Leaders in the European Union are beginning to publicly mull an invocation of the bloc’s Anti-Coercion Instrument (ACI) — a suite of punitive economic tools designed to deter third-party coercion. While the never-before-used tools were designed with China in mind, the US could soon find itself in the so-called economic bazooka’s crosshairs. So just how vulnerable is the US to the EU’s rocket launcher?
Firing Range
In some ways, very vulnerable. European investors are the single-largest foreign holders of US Treasurys and equities by far, with about $8 trillion in assets. That’s nearly double the rest of the world combined, according to a note this weekend from Deutsche Bank’s chief FX strategist, George Saravelos, which pointed out the US net international investment position is at record negative extremes. Theoretically, the threat of a mass sell-off gives the EU leverage — remember how “yippy” bond traders effectively rebuffed tariff rollouts last year? But that strategy would require extreme coordination among public entities and private investors and may amount to an act of mutually assured destruction. A more likely result here may be European investors following the example already set by Pimco earlier this year: a long, slow campaign to “sell America” as a hedge against future instability.

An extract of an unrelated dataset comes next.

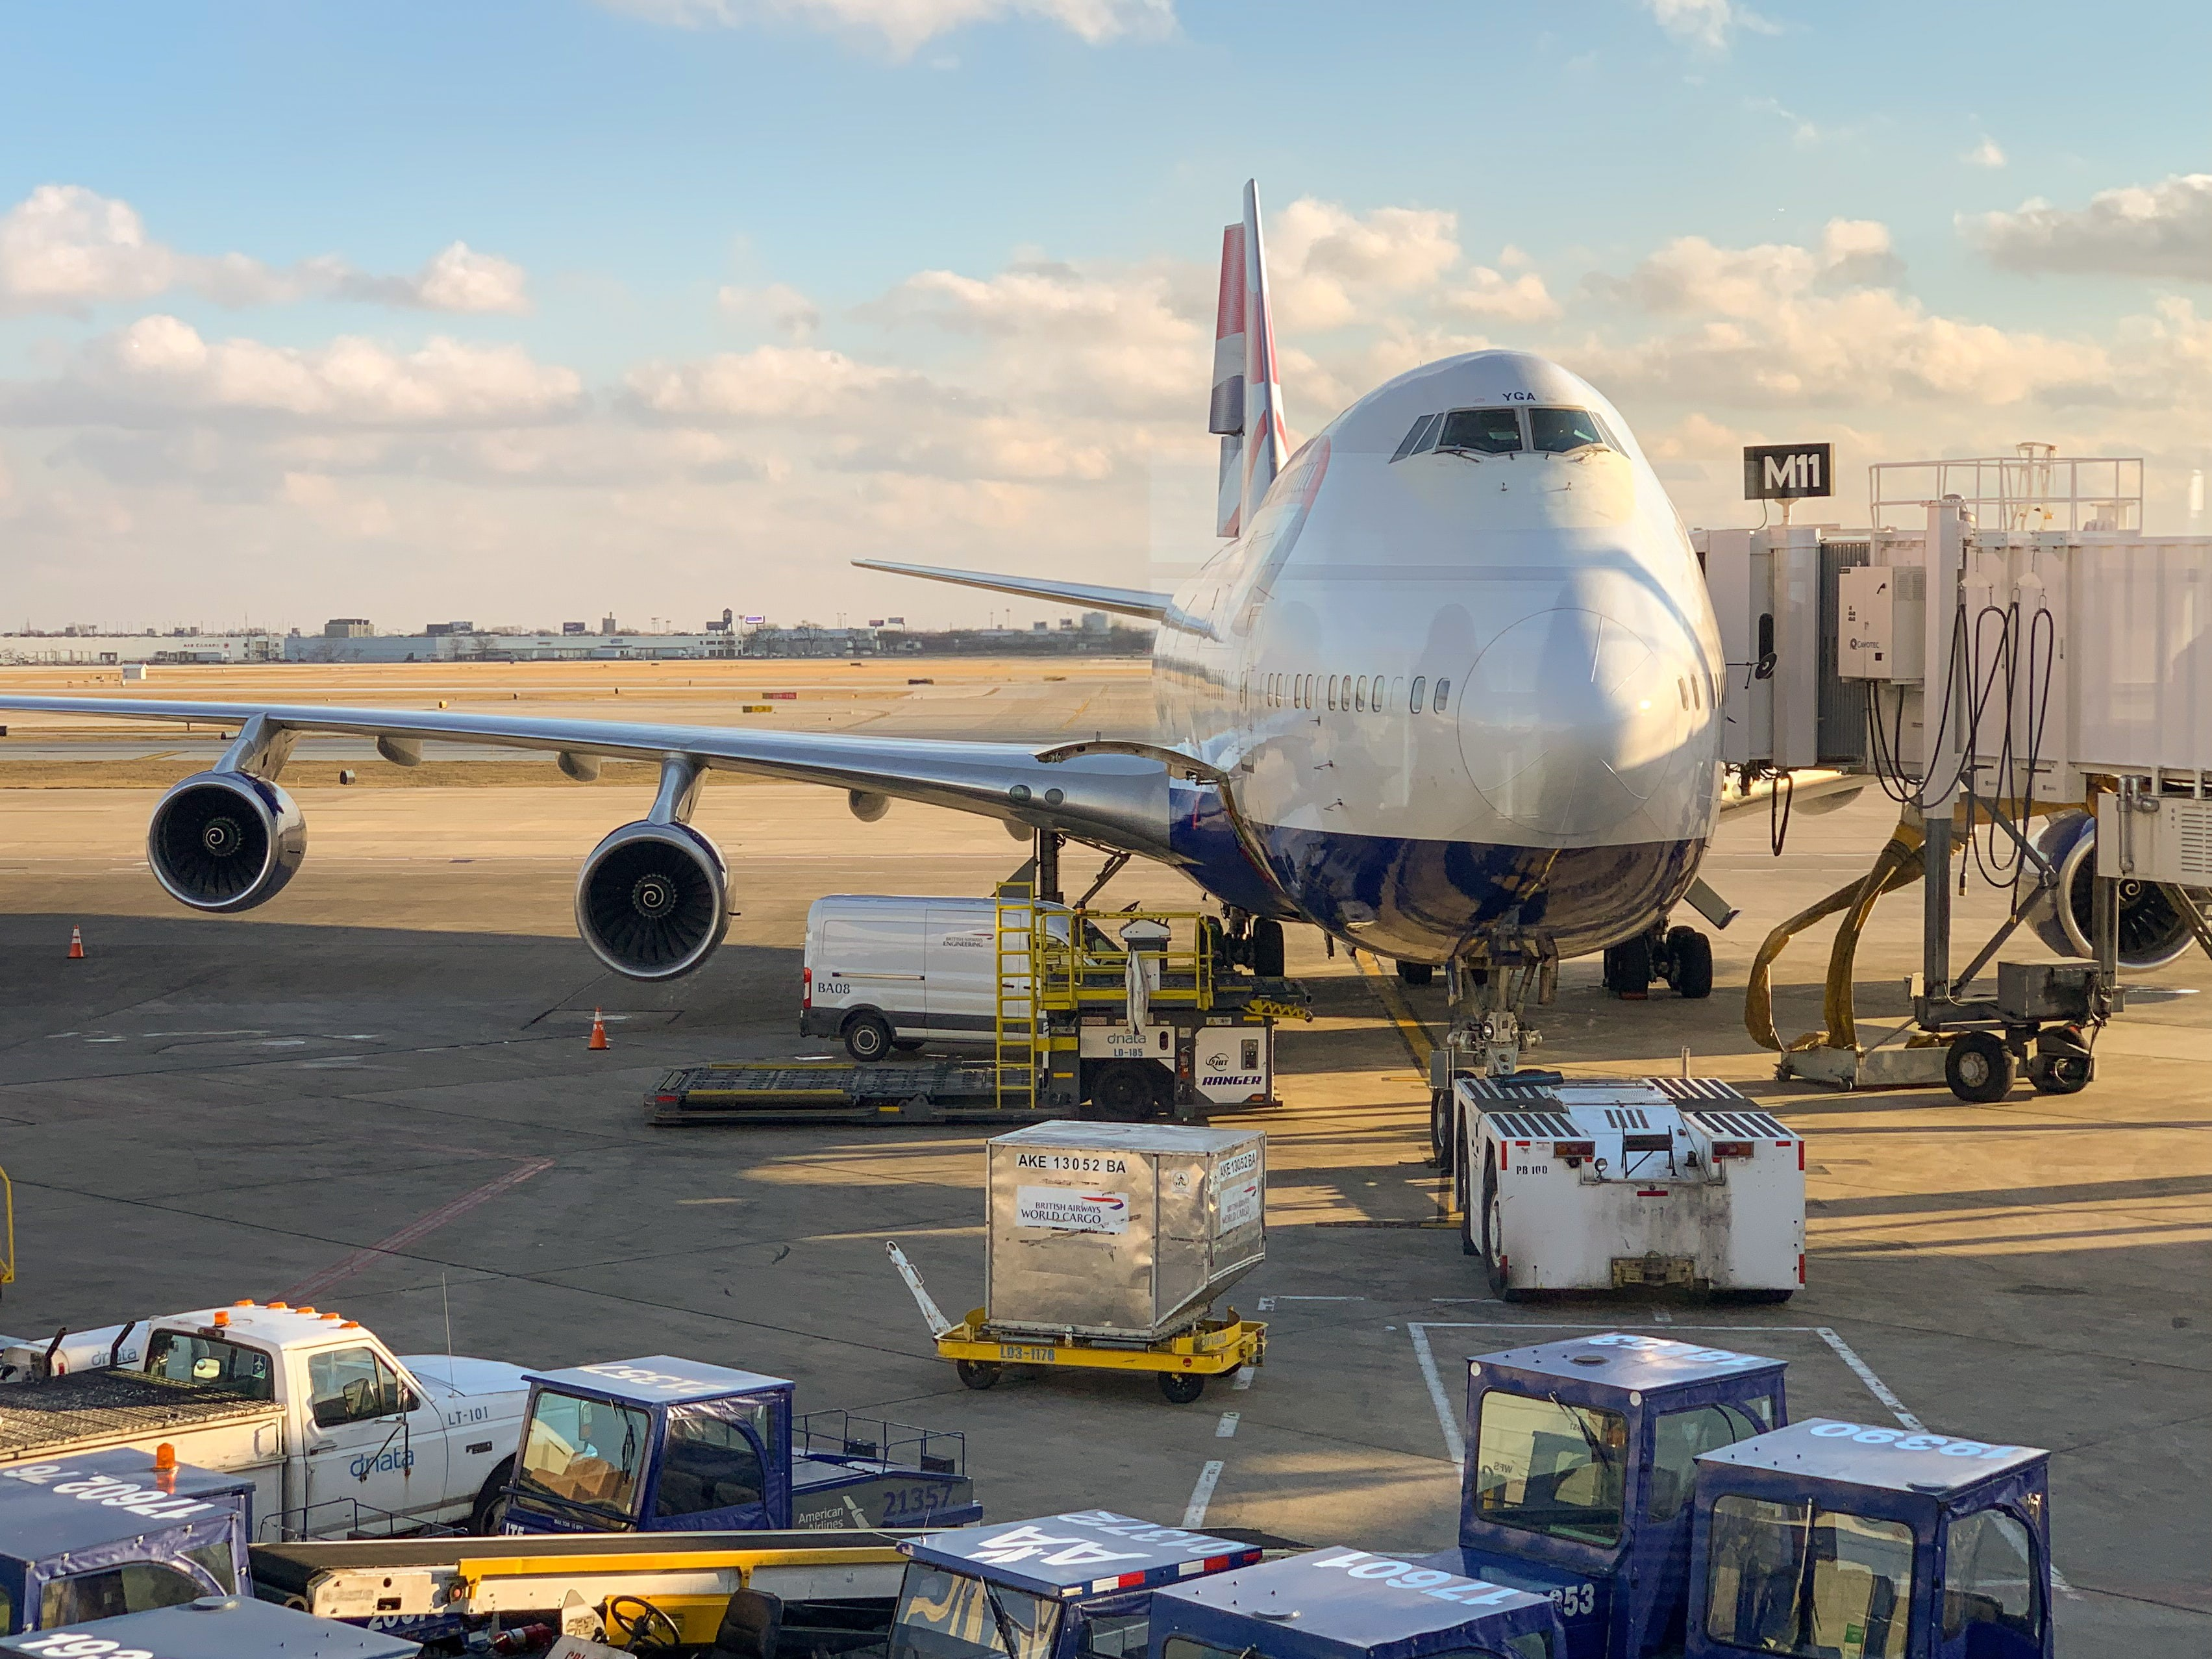 Coronavirus Update: Air Cargo in a Tough Position

In the meantime, the ACI provides the tools for a much more targeted strike. Endorsed this week by French President Emmanuel Macron, the ACI was signed into law in 2023 and requires the vote of half of member states representing at least 50% of the EU population. Its levies could be a powerful force for deterrence:
- The ACI would enable the bloc to implement export controls, place tariffs on services and restrict access to financial markets. It could also bar foreign firms from public procurement opportunities.
- That places Silicon Valley squarely within the firing range of Europe’s ACI bazooka, with the industry deeply invested in selling its services in the market as well as scoring contracts within the continent’s public digital infrastructure.
It’s a MAD, MAD, World: In not-so-surprising fashion amid the global economic standoff between longtime allies, gold prices jumped on Monday, hitting an all-time high of $4,689 an ounce. Futures for the S&P 500 fell nearly 0.9% as markets were closed in the US for the Monday holiday. That tracks with estimates from analysts at Oxford Economics, who said Monday that a full-on EU-US trade war could trim 1% from US GDP at peak impact, while slowing global GDP growth to its lowest level since 2009. But fret not: Analysts at Evercore said this weekend that it’s the beginning of a “now-familiar ‘escalate-to-deescalate’ cycle” that should culminate in a less-destructive deal. And, of course, all the relevant world leaders are meeting this week at the World Economic Forum in Davos, Switzerland, where the vino at cocktail hour may yield more pointedly worded veritas than usual.